Patients with a no risk of death result could be discharged thinking about the high NPV of the model prediction. Patients with a “yes” risk of death result should be evaluated for hospital admission, or they could be discharged only if they are clinically stable with no supplemental oxygen requirements and with daily clinical follow-up.

This study stands out for its robust validation, which is uncommon among other AI-based predictive models for COVID-19. The validation cohort includes hospitalized patients, potentially infected with Omicron variants, as well as a significant number of patients who were discharged from the emergency department without hospitalization. The model successfully identified most patients who died within 30 days after hospital discharge in the validation cohort (30/34 deaths). We do not know why these patients were not admitted, as hospitalization decisions were made by their personal physicians. Most of these cases occurred during the first wave when the overwhelming health care crisis and epidemic conditions may have influenced such decisions. Nevertheless, we believe this does not impact our analysis, as the model is trained on patients’ initial clinical assessment. As hospitalization decisions are independent of the model, they do not influence its training process or predictions.

This study is a single-center retrospective study. The results obtained may be influenced by the number of patients hospitalized during each wave and could be specific to periods dominated by a particular SARS-CoV-2 variant. However, our global model has demonstrated stability in these contexts and has also been validated using data from a different period and with patients distinct from those used to create the predictive model.

Another limitation is that our model was developed using data from 5000 patients and validated with another 6000 patients, all belonging to the same region of Spain (the city of Fuenlabrada).
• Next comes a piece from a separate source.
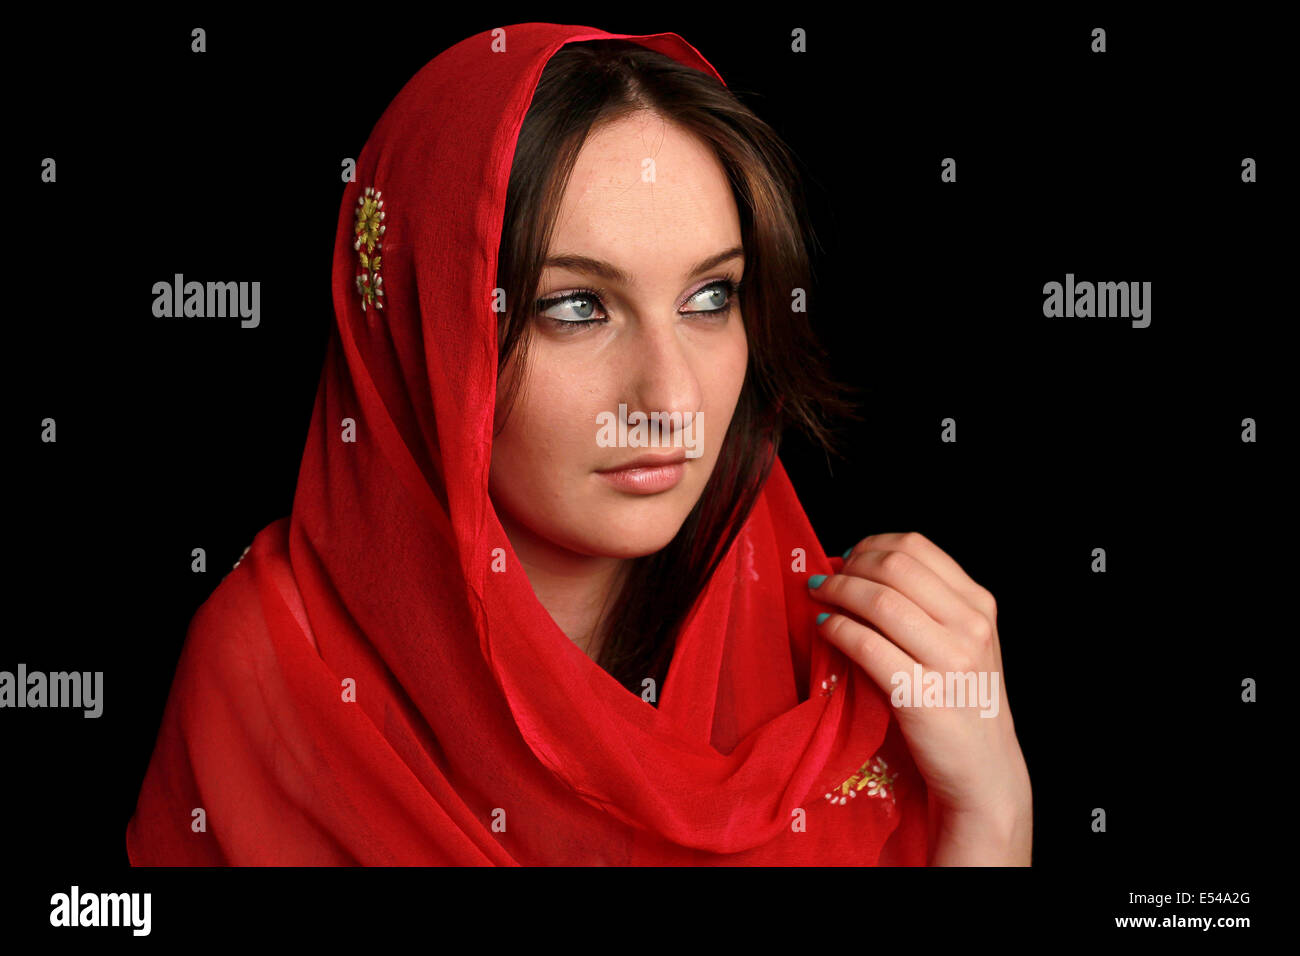 Arab girl with blue eyes wearing a red veil Stock Photo

It would be of interest to apply this model to other regions in Spain or other countries worldwide to assess its generalizability.

The scientific community has increasingly focused on integrating AI into COVID-19 predictive modeling. RF techniques were predominantly used in papers published from 2019 to 2023. However, most studies lacked external validation, which hindered reproducibility and applicability to diverse datasets. None of these studies covered the entire pandemic period, and nearly all involved fewer than 5000 patients. While the models demonstrated moderately good performance, with AUC values above 0.7, data collection often included demographics, clinical records, laboratory results, and pharmacological studies, but the applicability settings of these models were often unspecified.
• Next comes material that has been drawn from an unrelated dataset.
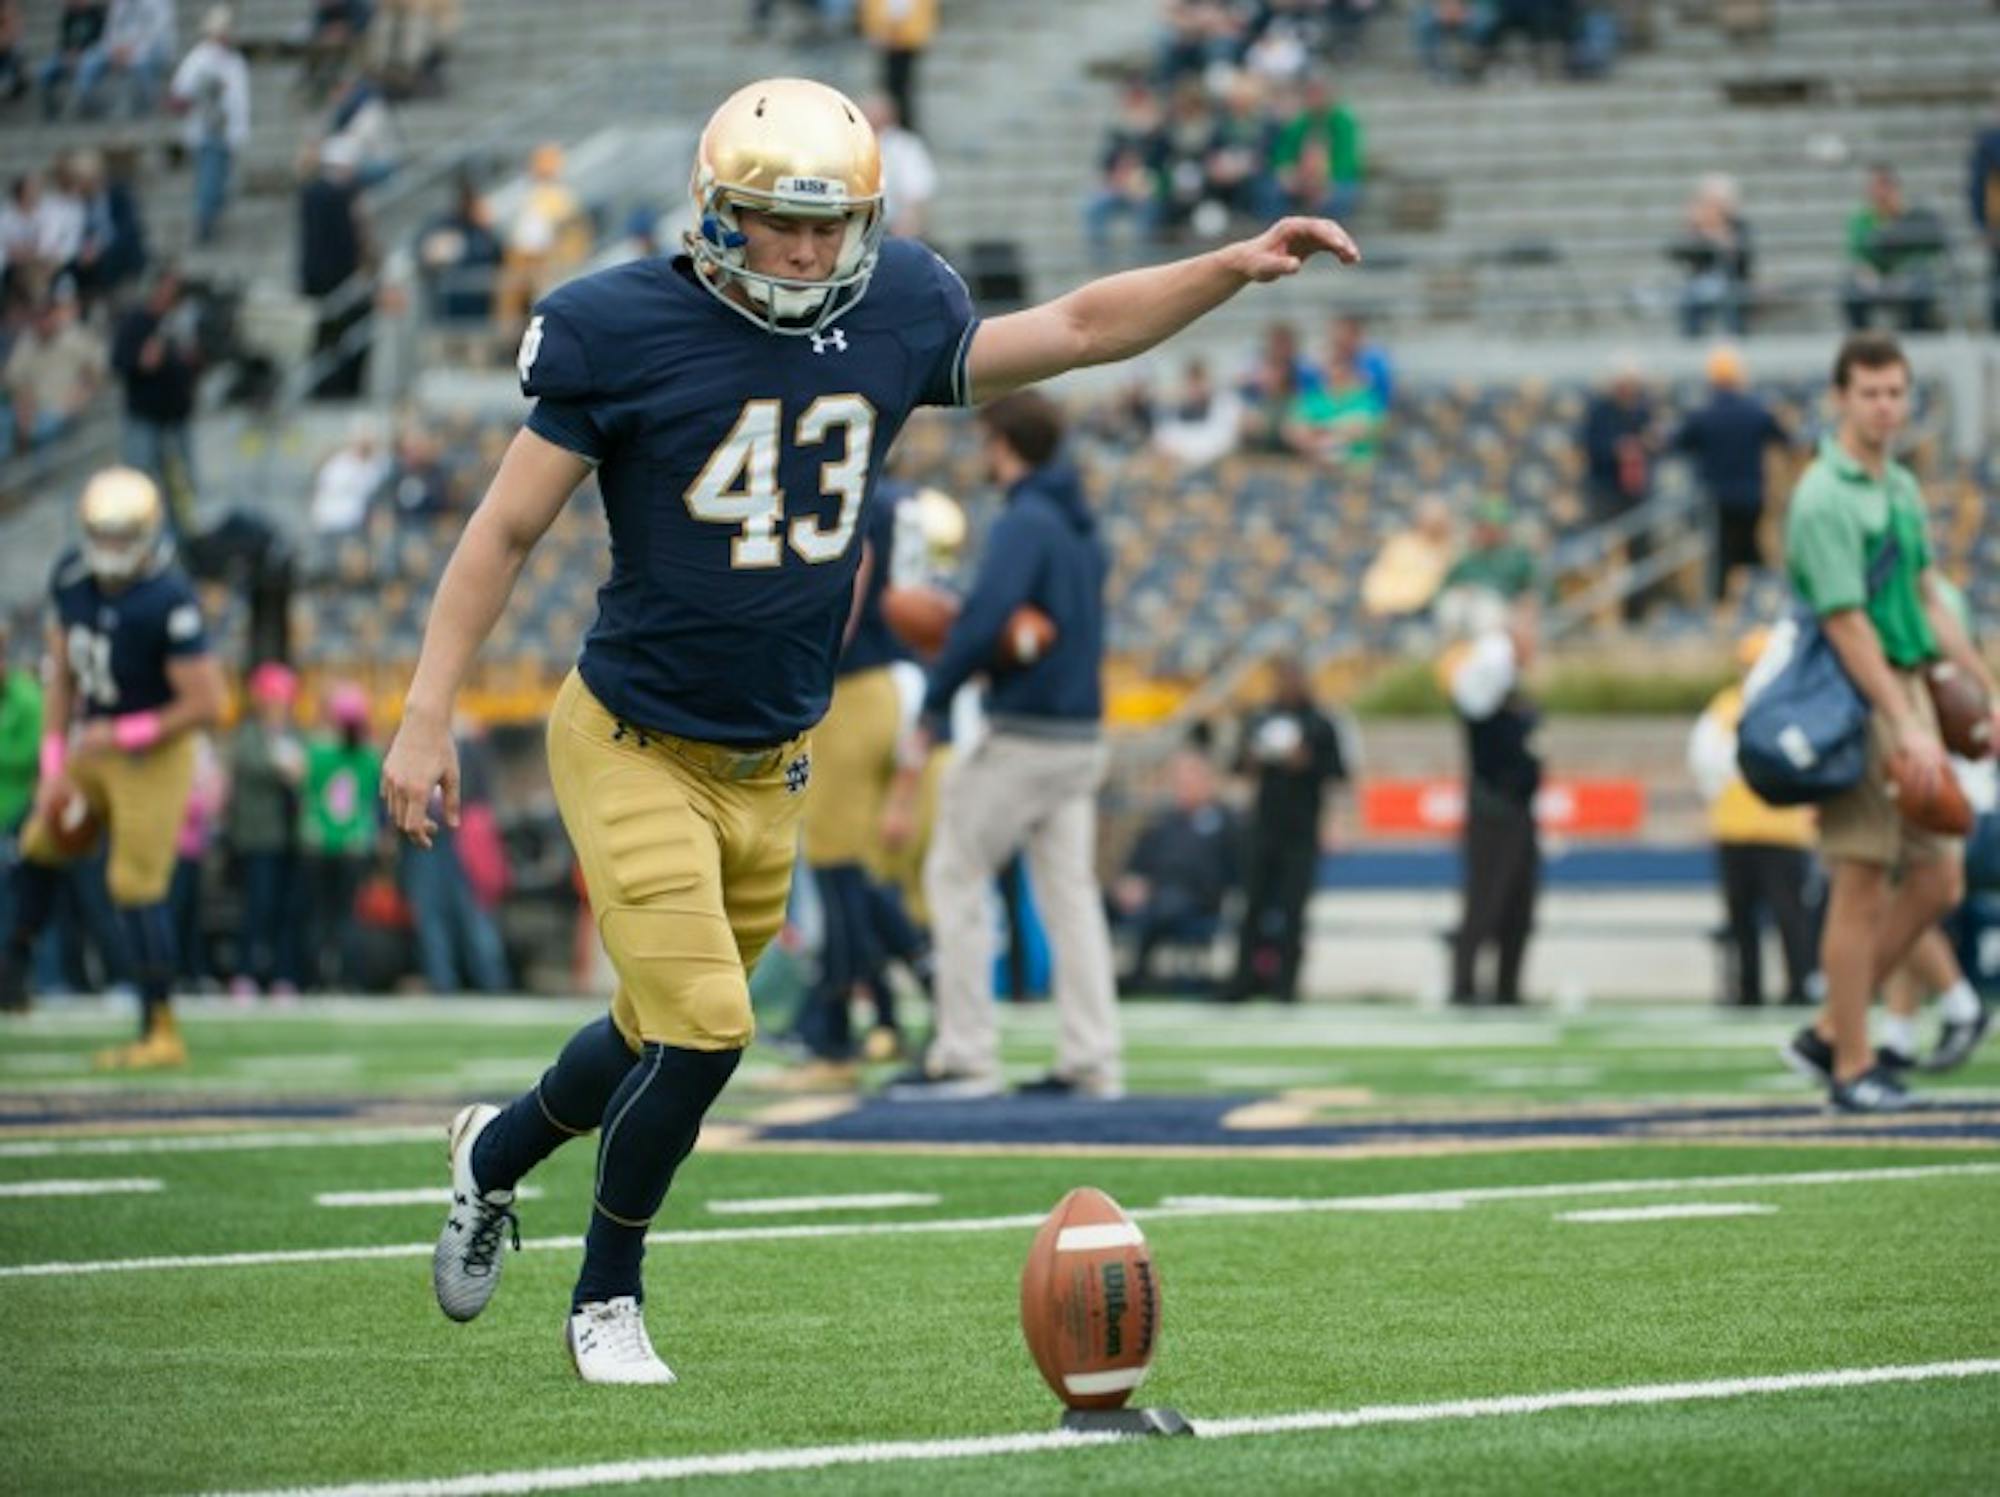 Irish senior kicker John Chereson practices before Notre Dame’s victory over Miami on Oct. 29 at Notre Dame Stadium. Chereson kicked off three times in the game, including one that went for a touchback.

Our study is unique, as it represents a population-based study in a city reflective of the Spanish population. Unlike other studies, it covers a 3-year pandemic period. We developed an AI predictive model for COVID-19–related mortality and ICU admission, which was validated with patients different from those used to create the model. This model covers a 3-year pandemic period, demonstrating its usefulness during both pre- and postvaccination periods. Ethnicity could likely enhance the model’s utility, especially in Southern Europe. We discuss ethnicity because this study has been conducted in a Mediterranean country, specifically in a city with 217,184 inhabitants, where 195,465 (90%) of the population is Spanish and 23,337 (10.7%) are immigrants (n=5991, 2.8% from Central and South America). The model, based on ML, can be automatically applied when a patient seeks medical attention. It is valuable for identifying patients requiring hospitalization and those eligible for home care. This multidisciplinary study, conducted by clinicians and engineers, used data from over 12,000 patients and extensive covariables. Our model offers practical applicability in daily clinical practice, providing a clear risk assessment for mortality and ICU admission.